Fig. 1
Après le franc succès fin 2012 à Bruxelles de l’exposition Unexposed* qui réunissait les œuvres de 40 jeunes artistes iraniennes, c’est au tour du Parlement Européen de les présenter, “afin de voir autre chose de l’Iran“.
Unexposed c’est quoi ?
Fig. 2
C’est le pari audacieux de la commissaire d’exposition, Fery Malek-Madani, femme de cœur d’origine iranienne, militante des droits de la femme, spécialiste de l’Iran et fondatrice d’Art Cantara asbl “pour la création de ponts entre les cultures“.
En 2010, elle lance sur Facebook un appel aux artistes iraniennes qui voudraient participer à son projet artistique. Pour être sélectionnée, elles doivent répondre à trois critères spécifiques: être une femme , née entre 1971 et 1991, vivant et travaillant en Iran. Sur les 400 réponses reçues, Fery Malek-Madani, assistée d’un jury composé de professionnels, retient 40 artistes.
Elle part aussitôt à leur rencontre pour découvrir leurs univers artistiques, leurs démarches mais aussi leurs histoires personnelles. A chacune, elle demande à voir les œuvres qui n’ont jamais été exposées et de lui en expliquer les raisons. Parmi les causes invoquées, le refus des galeristes par peur d’éventuelles représailles mais aussi l’autocensure de l’artiste elle-même.
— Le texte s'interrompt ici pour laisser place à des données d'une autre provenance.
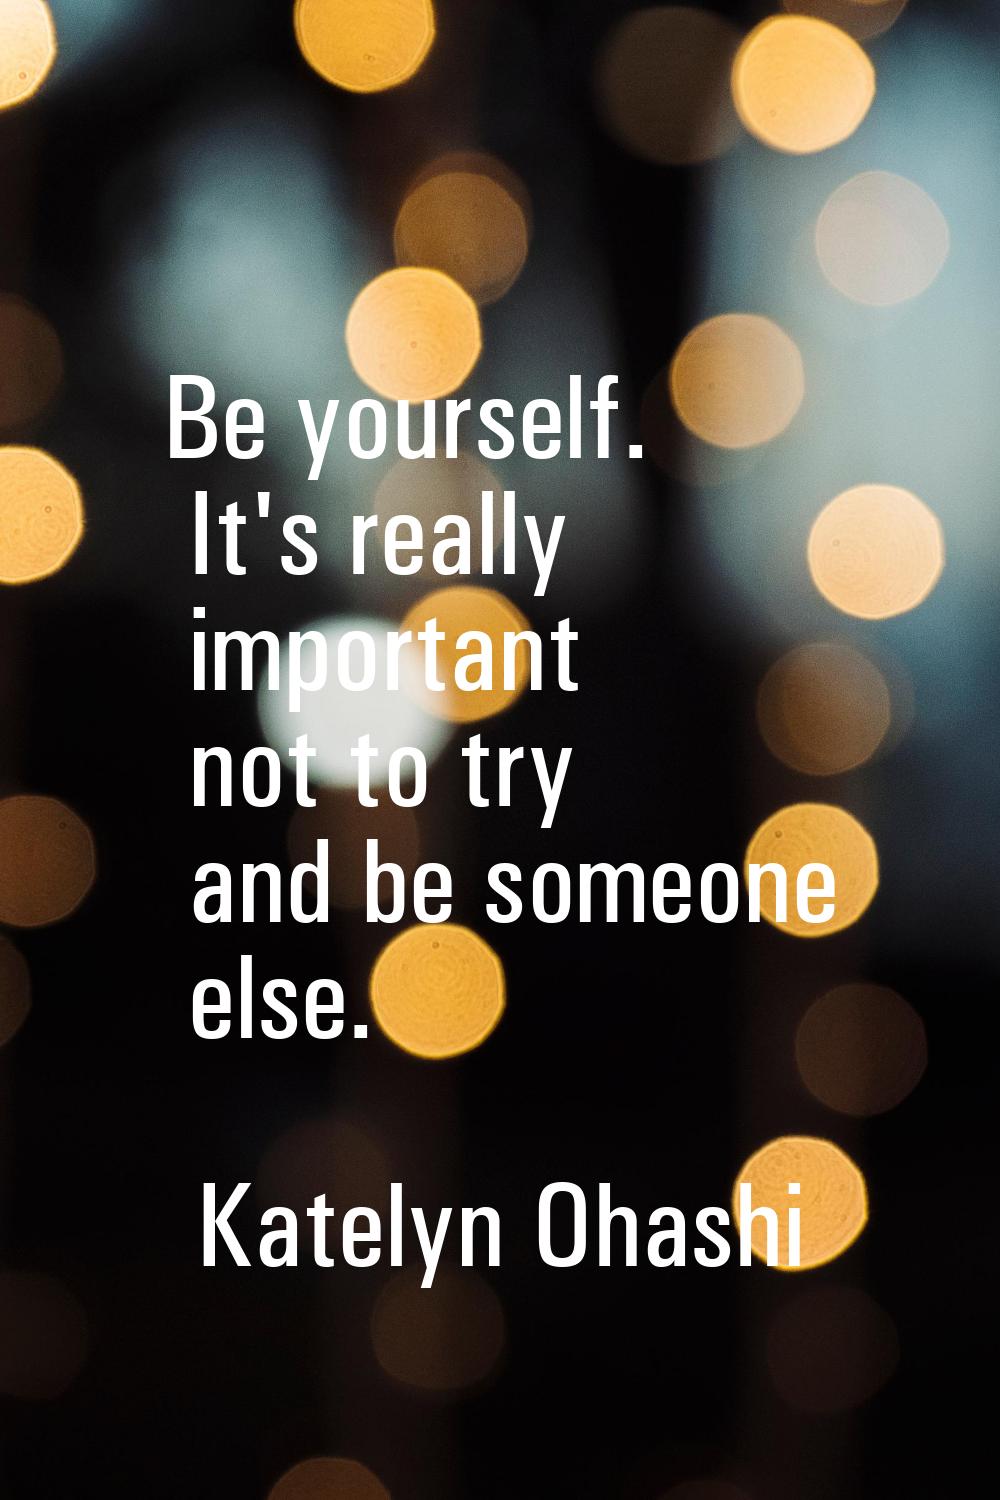 Be yourself. It's really important not to try and be someone else.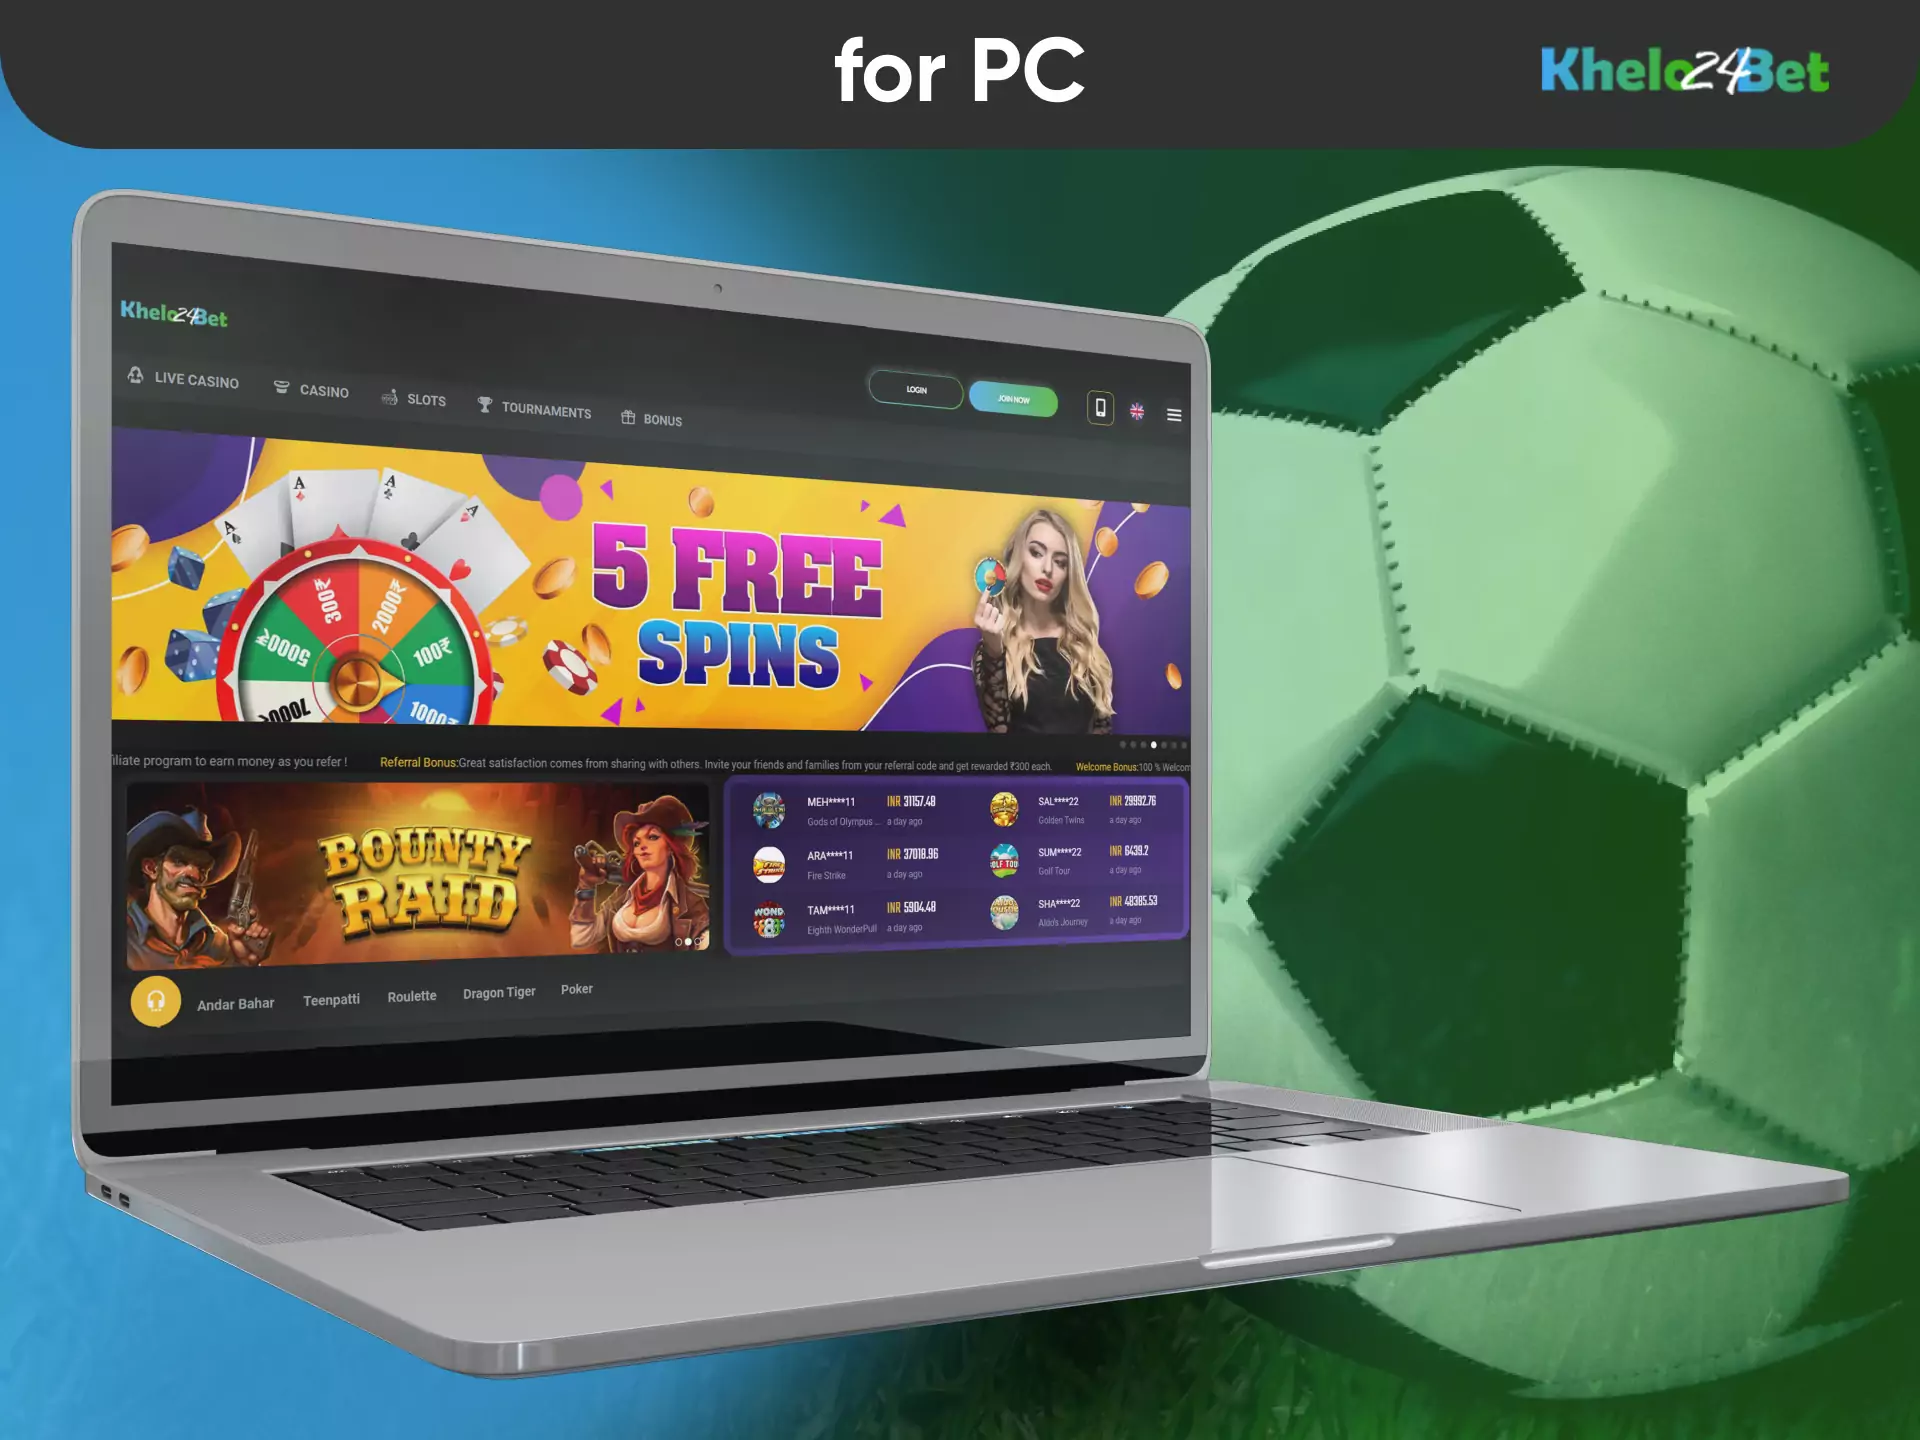 The Khelo24bet site is well-developed for any PC device.

“On peut peut-être interdire les artistes d’exposer mais certainement pas les empêcher de créer“ (Fery Malek-Madani)
Fig. 3
C’est en choisissant parmi “ces interdits“ que Fery Malek-Madani a réalisé son Unexposed rassemblant 80 œuvres (deux par artistes) jusqu’à présent cachés dans des appartements familiaux, dortoirs de jeunes filles, bureaux ou ateliers.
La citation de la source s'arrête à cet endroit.